We were, just a few months ago, issue some semblance of a 'real' uniform.  We got the 'police' looking uniforms, straight navy blue pants, no cargo pockets, navy blue shirts with an embroidered badge on the left breast, above our embroidered last name, and our squad patch on the left shoulder.  Of course we got short sleeve only.  

Last winter we got one of those combination parka that has a fleece inner jacket that can be worn as a regular jacket and the outer shell can be worn seperately as a rain jacket or zipped together with the inner fleece to make a parka.  I don't think it's a tactical 5.11, but it's one of the knock offs.  Both the inner fleece and the outer shell have our patch on it so no matter how you wear it, it still identifies who we're with.  Navy, of course.  And that little 1/2 inch reflective strip around the sleeve?  Almost worthless.  That's why we also got seperate vests for MVA's or other events where we might need to be seen.  

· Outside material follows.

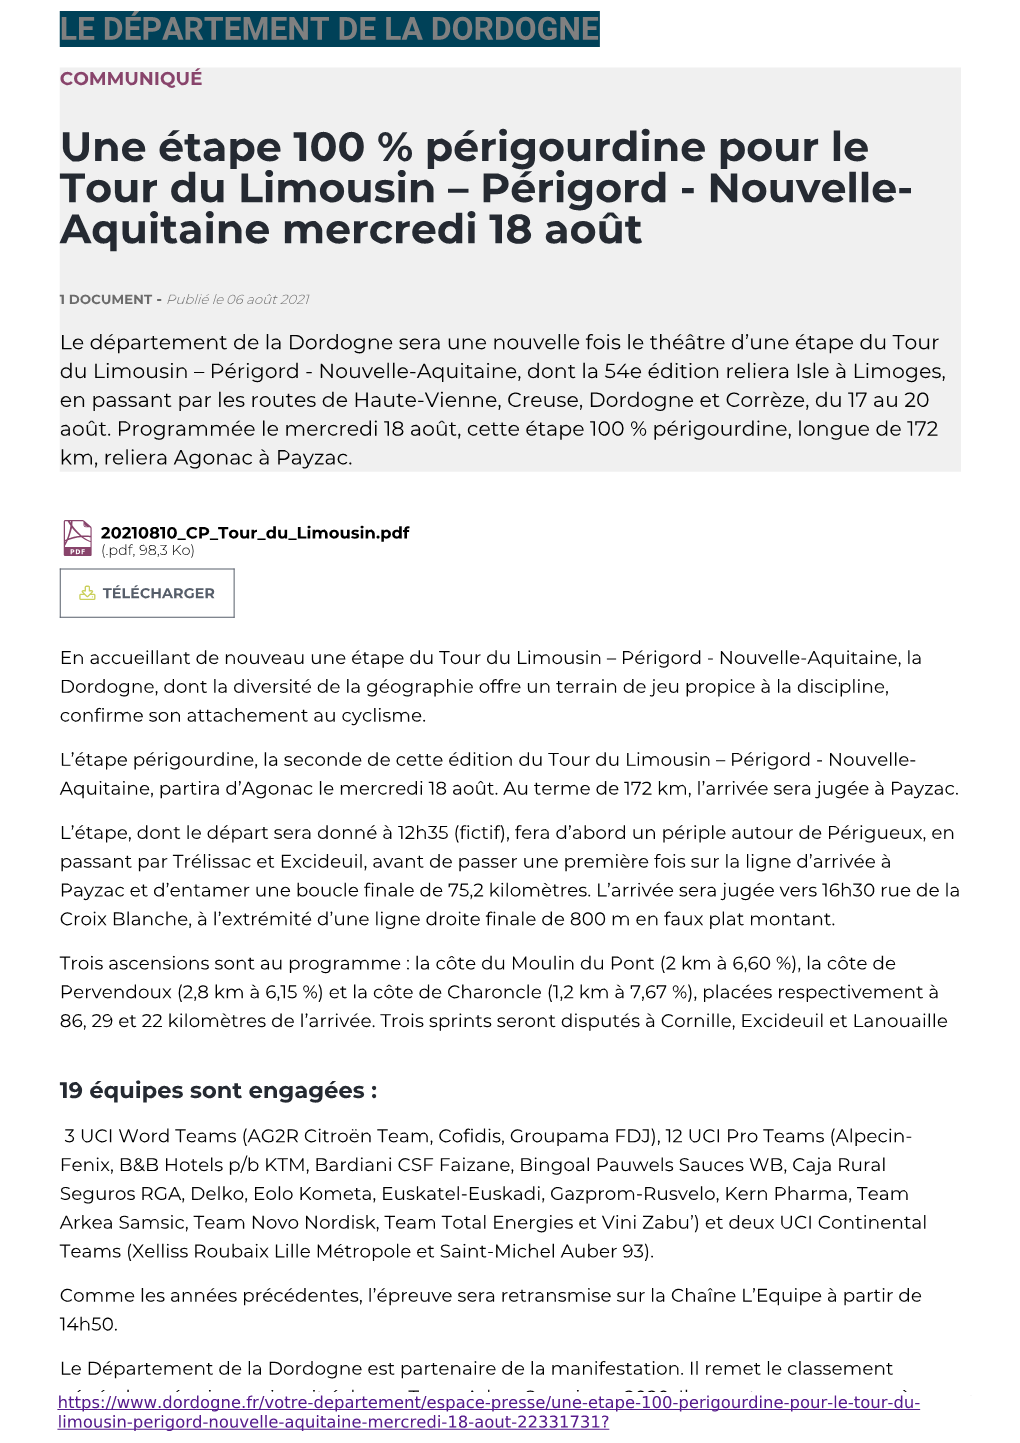 Une Étape 100 % Périgourdine Pour Le Tour Du Limousin – Périgord - Nouvelle- Aquitaine Mercredi 18 Août

I think I'm about the only one at the squad that actually likes our new uniforms because they actually have a collar and look professional.  Everyone else would be happy to just wear our OLD uniform which was a t-shirt with our logo on the left breast.  Of course, I'm only one of TWO that moved into our township from outside the area and I'm only one of TWO that DIDN'T come from a farm family.  So to most of the people on my squad, dressing up and looking 'professional' means wearing boots that DON'T have cow sh$t on them.  'Collars?  You mean people actually wear shirts that have collars on them?  That's just WRONG!'  Yeah, I know, I don't get it either.  But, that's what I get for moving out into BFE.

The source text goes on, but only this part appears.